История, к рассказу которой мы приступили и в развитие коей вы теперь невольно вовлечены, началась ранней осенью неважно какого года в Северном кантоне, где на рассвете одну из многочисленных жидких рощиц среди полей огласил осипший в простуде голос:
– Поднимай задницу, Хвет!
Спящий открыл глаза. Что-то воздушное и цветное, парившее во сне, разбилось на куски о комковатую фигуру Хряка, толкавшего его ногой в бок.
– Фхрщ… Что?..
Юноша сел, как марионетка, выставив вперед руки. Перед его глазами сталкивались круги, понемногу уступая буколической панораме. Кажется, на лугу танцевали девушки в красных лентах, где-то за листвою играла флейта… или это они играли на флейте…
– Пора двигать, – пробурчал толстяк из-за плеча, распихивая что-то по карманам.
Поверьте, это была наихудшая альтернатива обнаженным танцующим флейтисткам. Хвет мысленно посоветовал мирозданию запретить унылых толстяков по утрам, чтобы не портить настроение на весь день.
В роще было зябко и влажно от тумана, словно растворившего в белом стволы деревьев. В порыжелых кронах скандалила пернатая мелочь. Хвет поежился. От этого мокрая грубая одежда кошачьими языками прошлась по коже. Вся компания уже была на ногах. Аврил с хмурым лицом рассматривала свой погибший наряд и исцарапанные руки.
– Рану придется шить, – кивнул на нее Гумбольдт, обращаясь к юноше. – Добраться бы поскорей до дома…
«Дом» на этот раз был таверной в местечке со странным незапоминающимся названием[2], где труппа остановилась, решив поколесить по округе, сплошь состоявшей из маленьких пропахших навозом деревенек, где артистов в лучшем случае не пытались сразу убить. А если и платили за выступление, то парой червивых репок, брошенных из толпы, – и не всегда, кстати, с целью накормить пришельцев. Что было вообще соваться в эти края?..
Все четверо двинулись цепочкой по узкой тропке в сторону поселения, где два дня тому оставили в конюшне великана Бандона. Теперь они шли в обратном порядке, чем спасались ночью: Гумбольдт, Хряк, Аврил и Хвет.
То и дело толстяк подгонял дылду палкой, сетуя на его нерасторопность и кривые ноги. Тот ворчал в ответ, что, мол, Хряк может идти первым, а не пускать пузыри своим неумытым ртом ему в поясницу.
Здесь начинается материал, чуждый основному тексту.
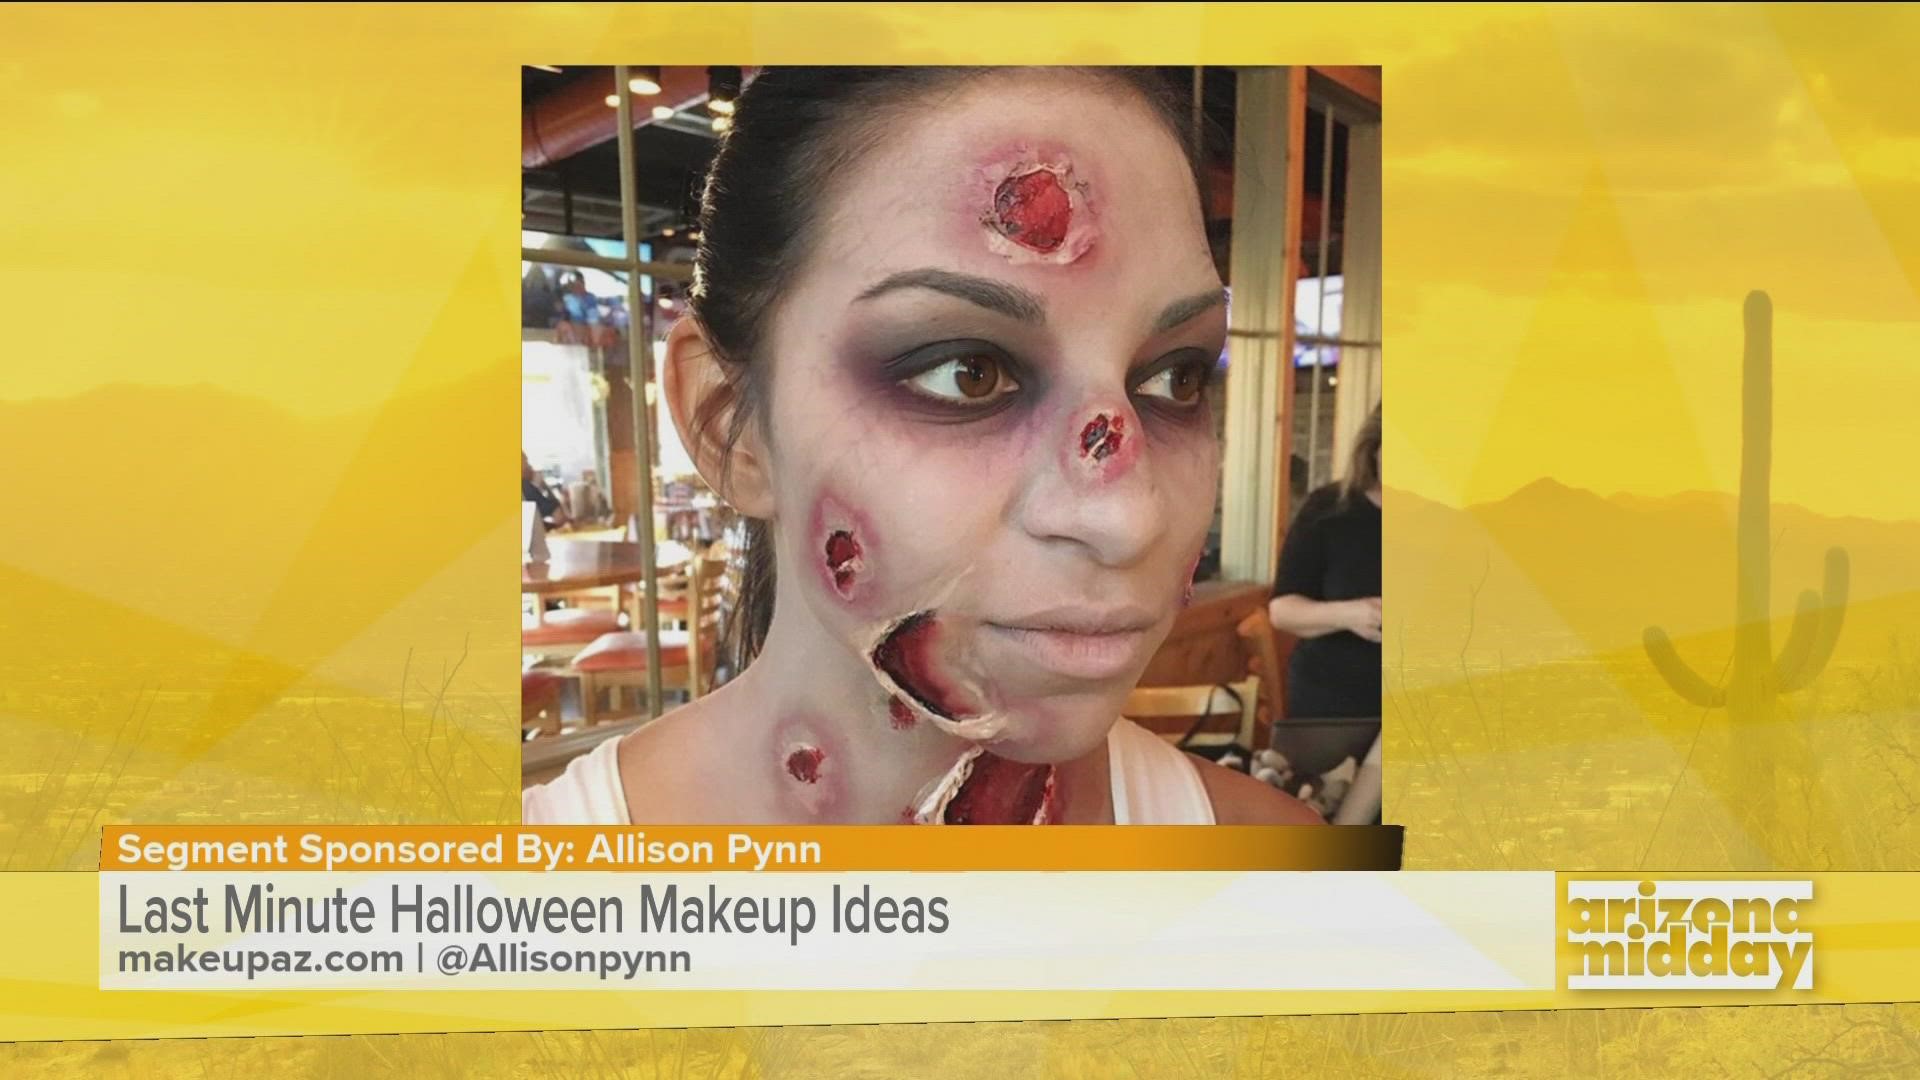 Local makeup artist Allison Pynn showed us a few easy last minute makeup ideas to transform your look on Halloween Night!

На это Хряк ядовито отвечал… Впрочем, не все ли нам равно, что отвечал дурак дураку? А важно то, что, когда процессия уже почти миновала рощу, выйдя на мелколесье, из-под затянутых паутиной кустов кто-то сдавленно кашлянул, как это делают для того, чтобы быть замеченными в респектабельном обществе. Ну, может, чуть надсаднее, чем принято в салонах, однако кашель есть кашель.
Гумбольдт, идущий первым, мгновенно соскочил с тропы, готовый бежать или защищаться. Это был самый нелепый в мире прыжок самого неприспособленного к прыганью существа, которое девять к десяти готово было именно что бежать, а вовсе не вступать в драку.
В принципе, дылда был грозным бойцом – длинноруким, ловким и бесстрашным. Но для того, чтобы эти качества проявились, его нужно было наглухо загнать в угол и перепугать до полусмерти. Последний раз в открытом бою он теснил родственников несостоявшейся жены, размахивая насаженной на вертел индейкой. Этот случай вошел в мировую историю как Великая индюшачья победа, даровавшая Гумбольдту свободу от брачных уз и мирных лет на семейной ферме. Теперь ни одной невесты на горизонте не маячило, и ситуация не казалась ему такой уж безнадежно опасной.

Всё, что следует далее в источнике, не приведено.